# Source 1/150 scale railings and ladders?



## jerome morris (May 27, 2008)

Hello all,
I’m trying to find a source.
Does anyone know of any?


----------



## tugfan (Jul 16, 2010)

I know Aber makes railings and stairs in 1/150 scale.

Ton


----------



## jerome morris (May 27, 2008)

tugfan said:


> I know Aber makes railings and stairs in 1/150 scale.
> 
> Ton


Excellent!
Thank you so much.


----------



## loco (Dec 10, 2010)

Plastruct make.
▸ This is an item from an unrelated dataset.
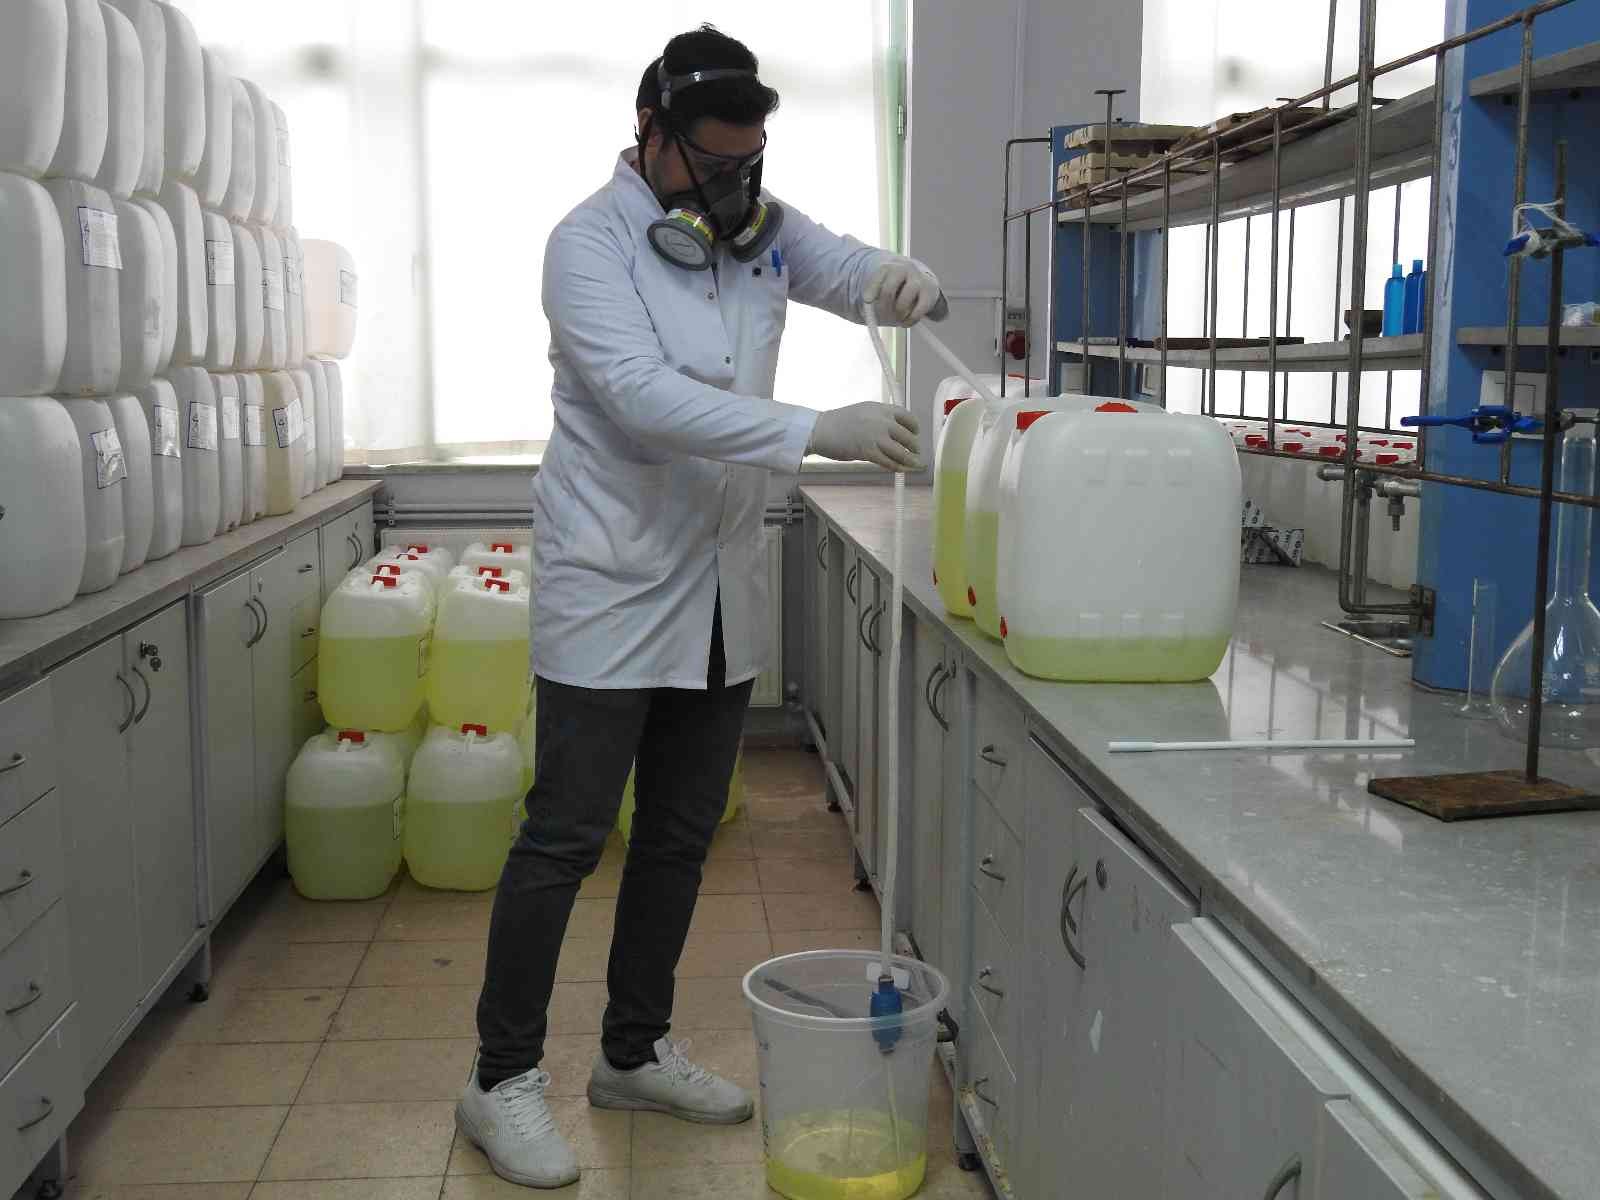 Üniversitede üretilen dezenfektanlar sayesinde 200 milyon lira cepte kaldı #edirne
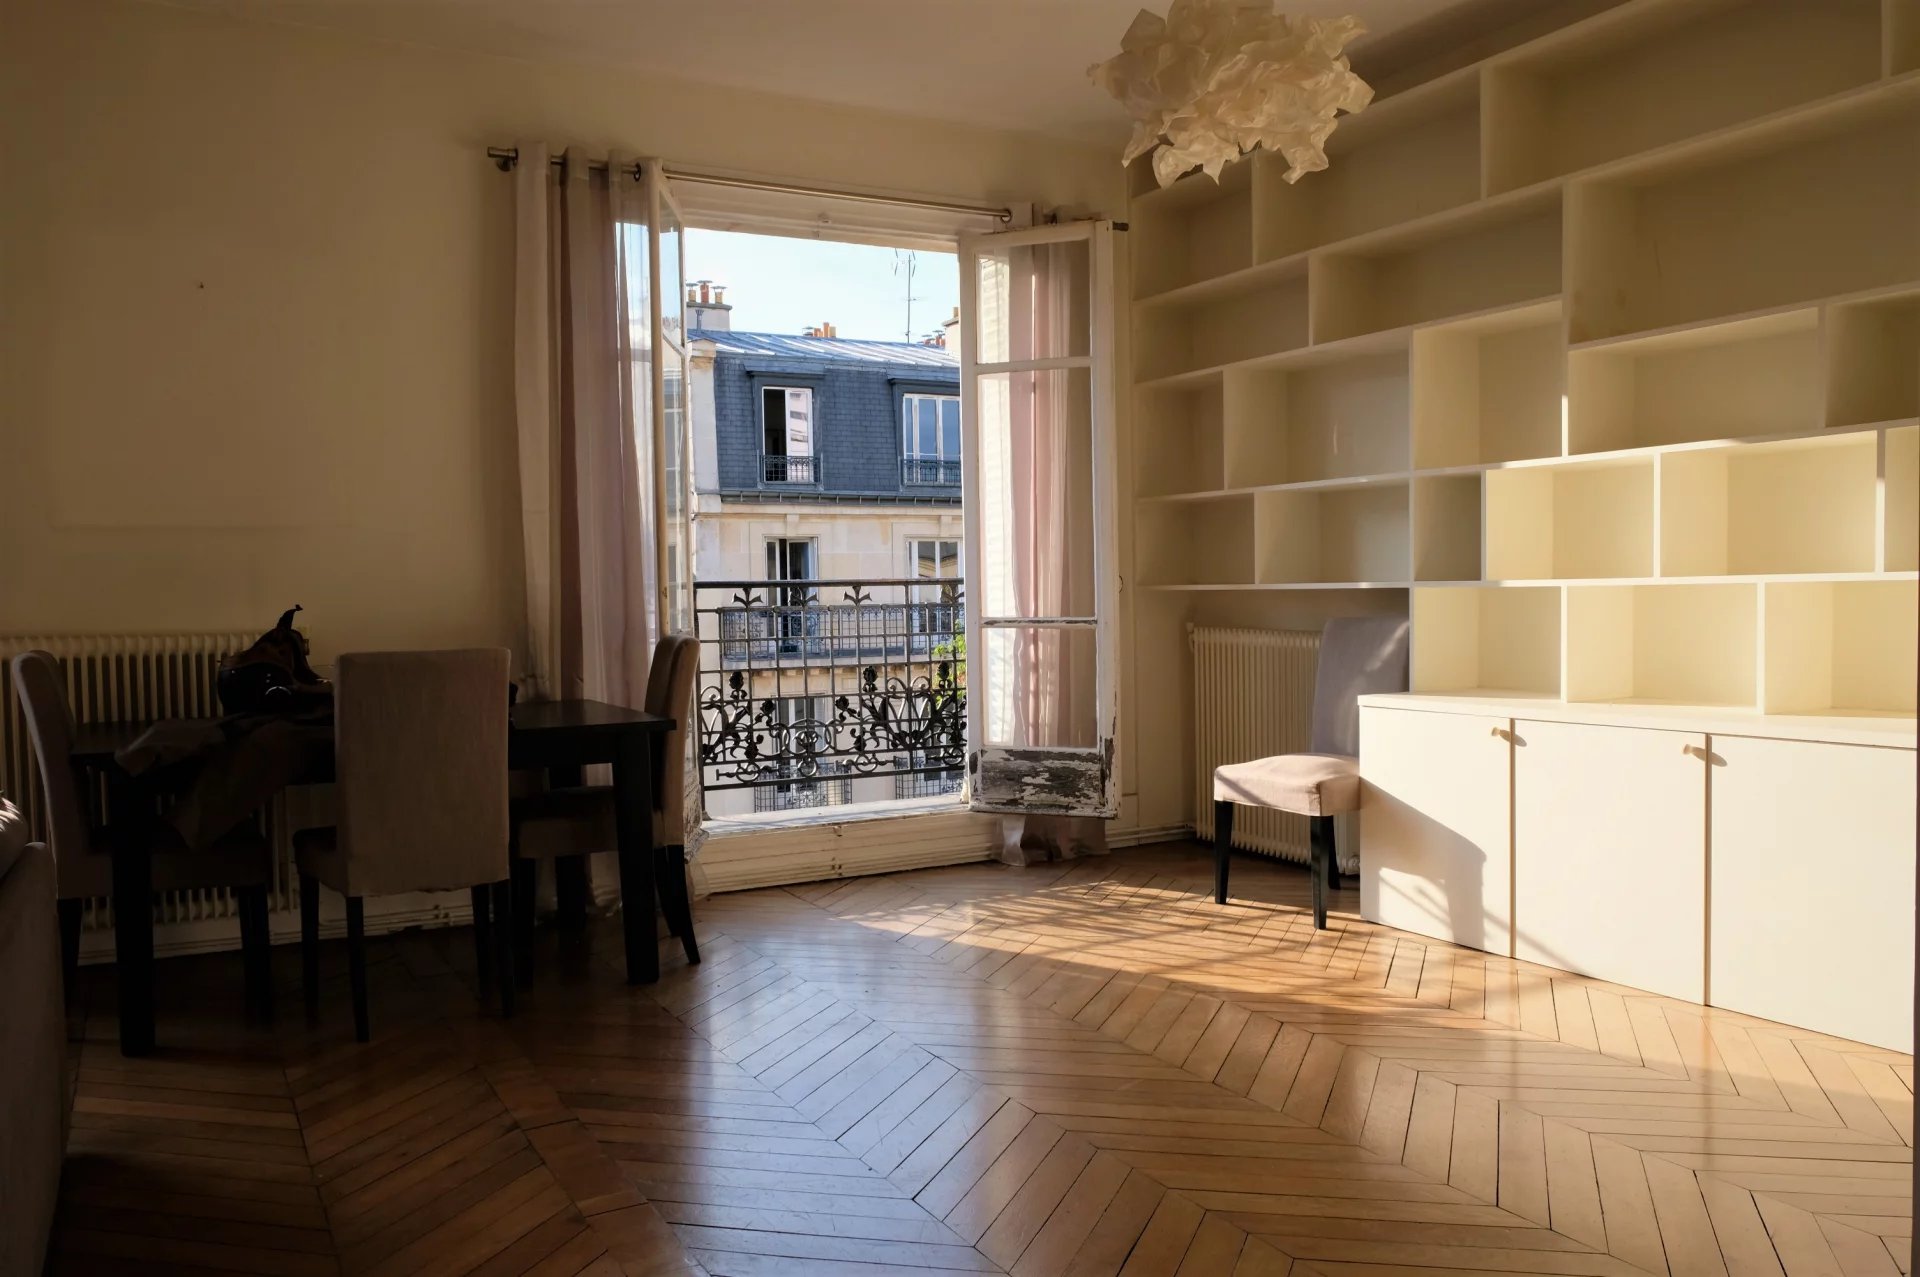 Sale Apartment - Paris 12th (Paris 12ème)

I think, 1;100 and 1;200.

Martyn


----------



## jerome morris (May 27, 2008)

Thanks Martin.
I’ll investigate that further.


----------



## jerome morris (May 27, 2008)

I’ve tried to contact Aber photo etch and it get bounced back to me as an #501 Internal server error.
Does anyone know of a model supplier that may carry this line of products?


----------



## tugfan (Jul 16, 2010)

Jerome, as far as I can see there are no suppliers in the US, just Europe and Australia. I suggest you try the Polish www.super-hobby.com. Choose your language, go to Accessories, than to Ship Accessories and on the left to Filter by Scale. They seem to have all you need in stock. I have no personal experience with them, but I have never heard anything bad about them.

Good luck
Ton


----------



## jerome morris (May 27, 2008)

Thank you Ton.
Appreciate it.


----------